Re: Genders (was Re: Láadan and woman's speak_
From: | Ed Heil <edh@...> |
Date: | Sunday, June 4, 2000, 4:54 |
On Sat, Jun 03, 2000 at 11:09:01PM -0400, Robert Hailman wrote:
> You said it right there, with the inevitability of a gender system.
> Since a civilization that is very technically advanced would likely be
> very old, the language would probably be even older than that, and
> during that time the language probably would have had some sort of
> gender that had later been lost. The techno-gender could very well be
> the first one, though, but that would suggest a younger language to me,
> perhaps one too young to belong to a technologically advanced
> civilization.
Surely all the "young" languages vanished many tens of millions of
years ago, and all the current languages have gone through many cycles
of change since then. Having a new gender system be the "first" one
that a language evolves would only mean that it was the first one
since the language had begun to be recorded. Before that anything's
possible.
> > Well, it's impossible to know - there's never been a society in such a
> > state! But I've seen the most bizarre gender systems, things like
> > "long, narrow objects", or "non-flesh food".
> >
> Any gender system is possible, for sure, but how common are these
> systems? If you checked one language at random, it would probably have a
> more Indo-European-like gender system, I'd imagine.

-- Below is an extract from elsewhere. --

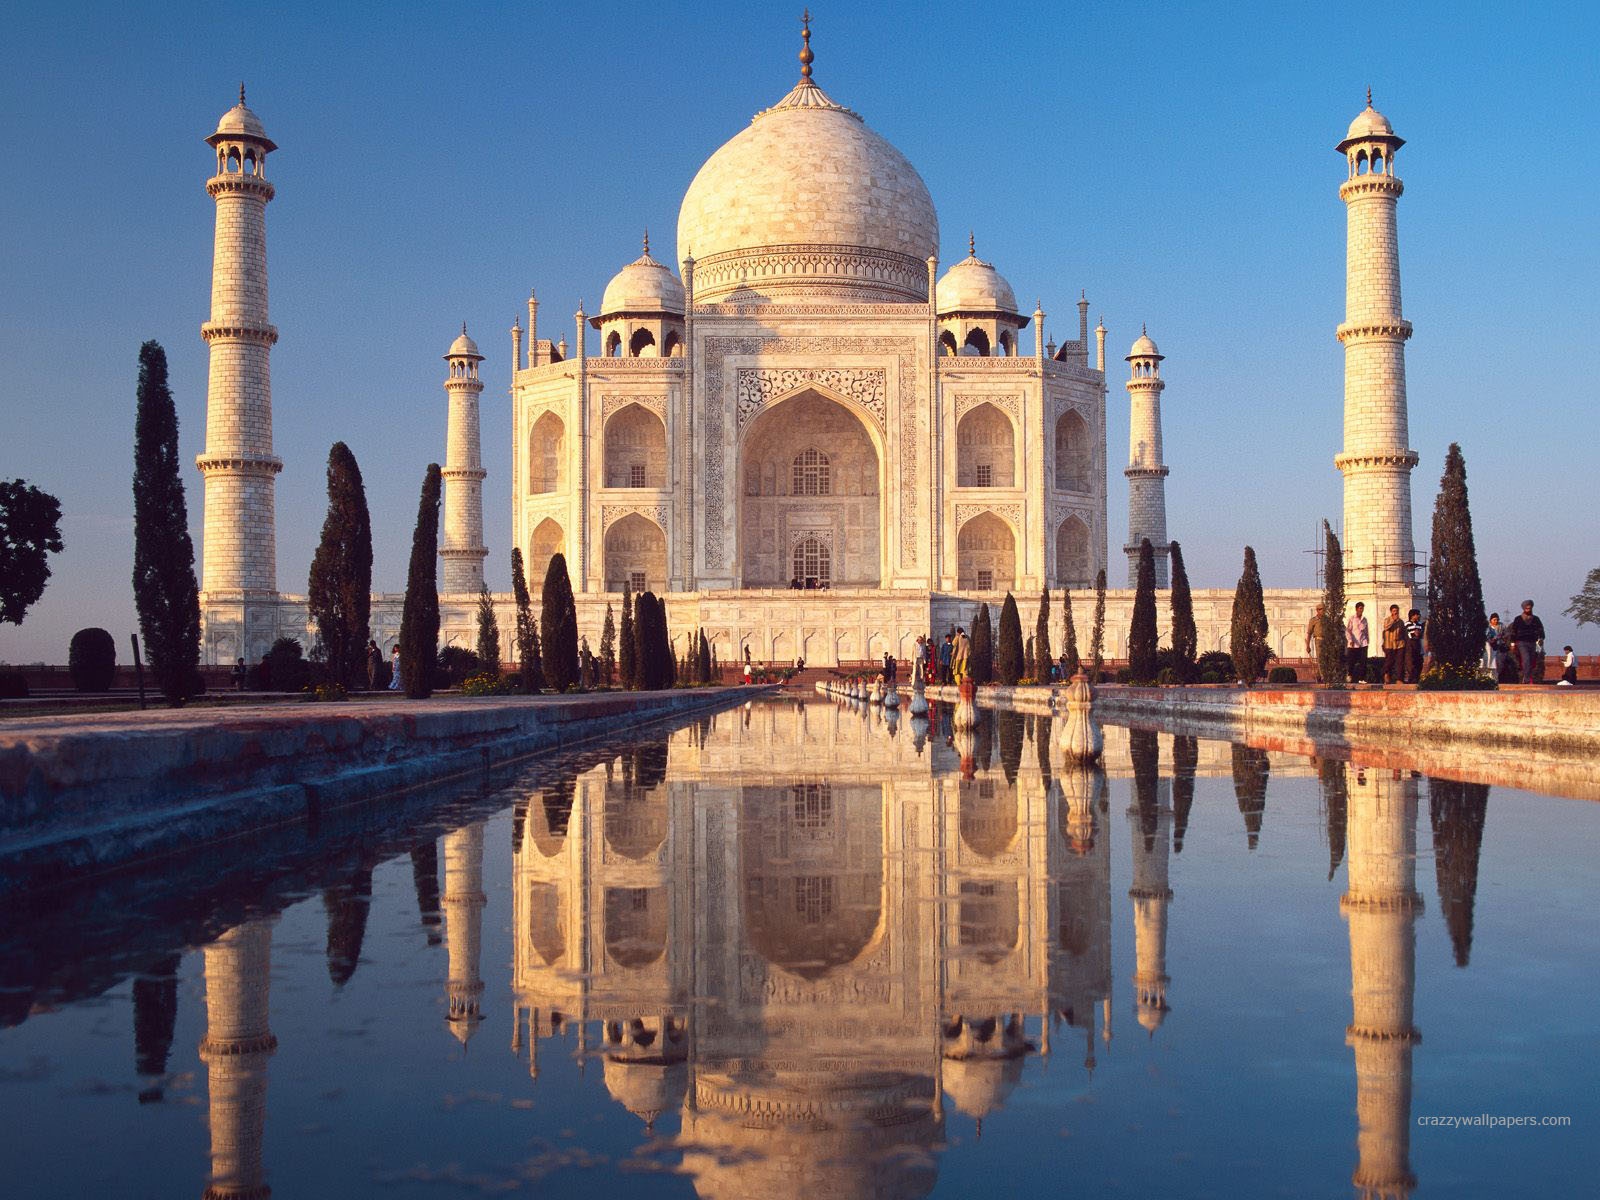 Taj Mahal Agra India Hd Wallpapers In Jpg Format For Free Download

They're very common. That is, gender systems full of idiosyncracies
and culturally motivated categories are very common.
Even gender systems with weird categories like "non-flesh food" or
"long, narrow objects" tend to have these categories *in addition to*
or *as extensions of* very familiar categories based on rationality,
animacy, or sex.
But granting that, they're quite common. At least, so I gather from
Corbett's _Gender._ But I must say I don't have statistics.